Iowa’s capital city, in the land of corn and caucuses, is on the move with an emerging food and cocktail scene.
I didn’t exactly go to Des Moines expecting corn fields, but I didn’t want to miss them, either. One night in the capital city this summer, I drove 30 minutes northeast of Des Moines and joined a weekly bike ride in the rural town of Maxwell . Our small group pedaled along quiet farm roads, past corn and soybean fields and over idyllic rolling hills, just as I had pictured. A small plane buzzed overhead, playfully looping and rolling, and I slowed to see grazing cows and a small cemetery. We finished our ride as the fiery sun set. Only then was I ready for the big city.

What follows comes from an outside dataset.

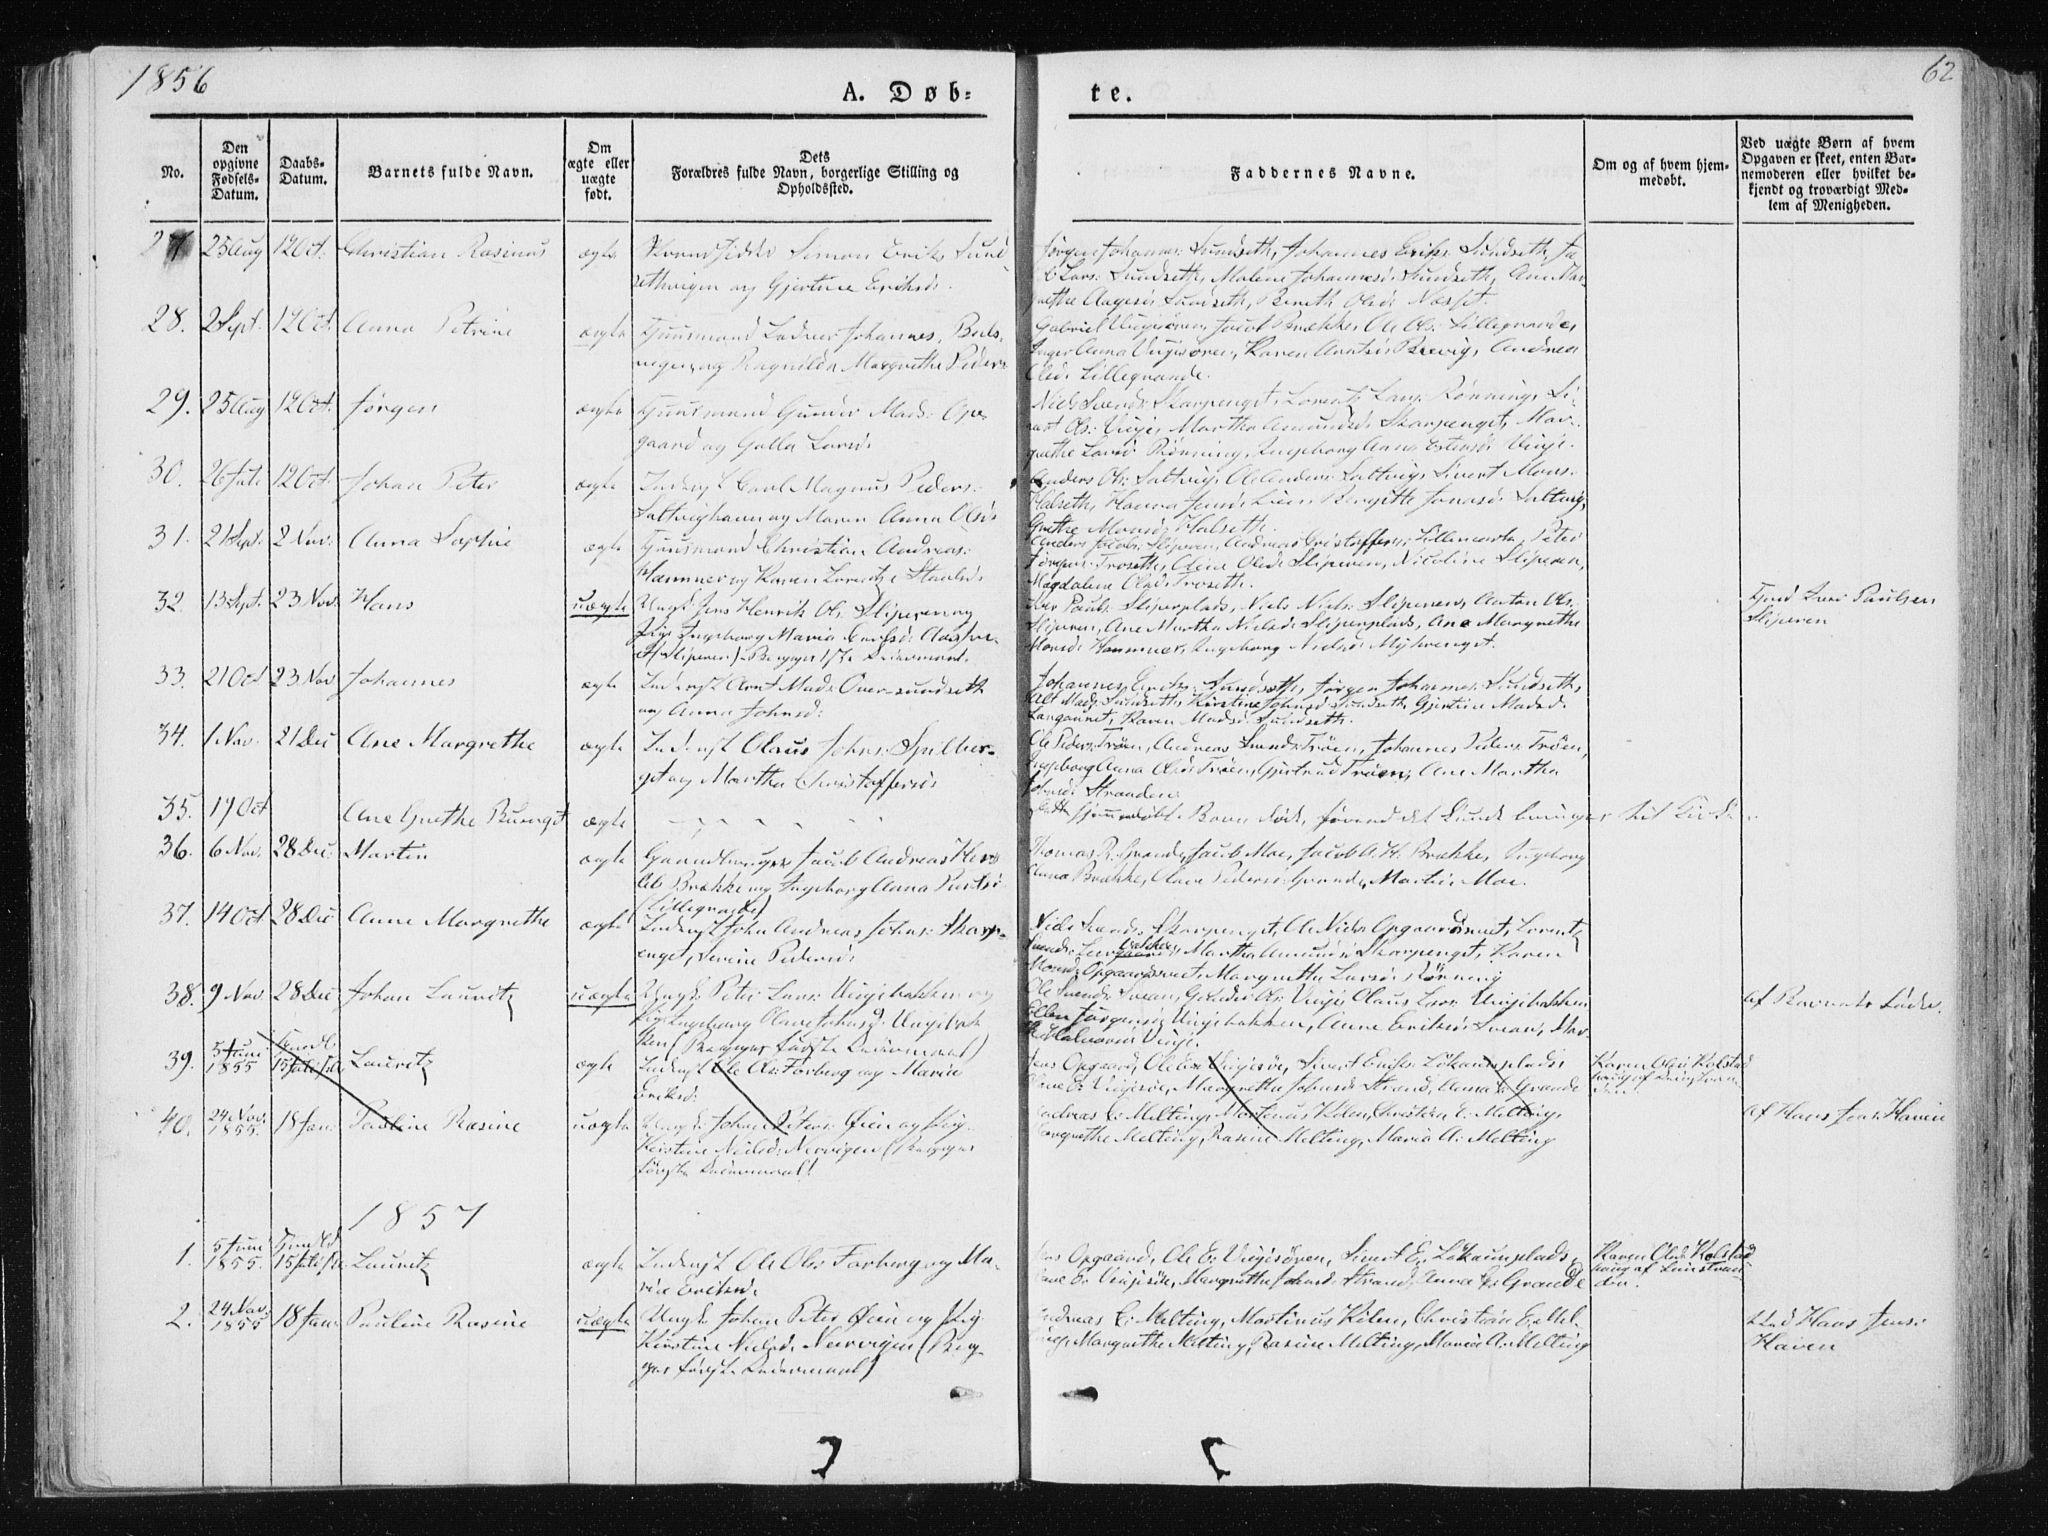 SAT, Ministerialprotokoller, klokkerbøker og fødselsregistre - Nord-Trøndelag, 733/L0323: Parish register (official) no. 733A02, 1843-1870, p. 62

Des Moines, or DSM to locals, is a laid-back, easily navigable city with an impressive network of bike trails, one of the most beautiful and interesting capitol buildings I’ve toured and an emerging food and cocktail scene. Locals I met were kind and welcoming, probably more informed about presidential candidates than many of my D.C. neighbors and proud to host the country’s first caucuses during election season. Next year, the city will unveil the largest skate park in the country (with an 80-foot-long, totally skatable “WOW” sculpture) and host its first Ironman competition. It also plans to create a white-water destination on the river with a surfing simulator for extreme paddlers.
Des Moines is on the move. Go now, while it still enjoys the charms and convenience of a small town. Go before winter hits. Go while there’s still corn.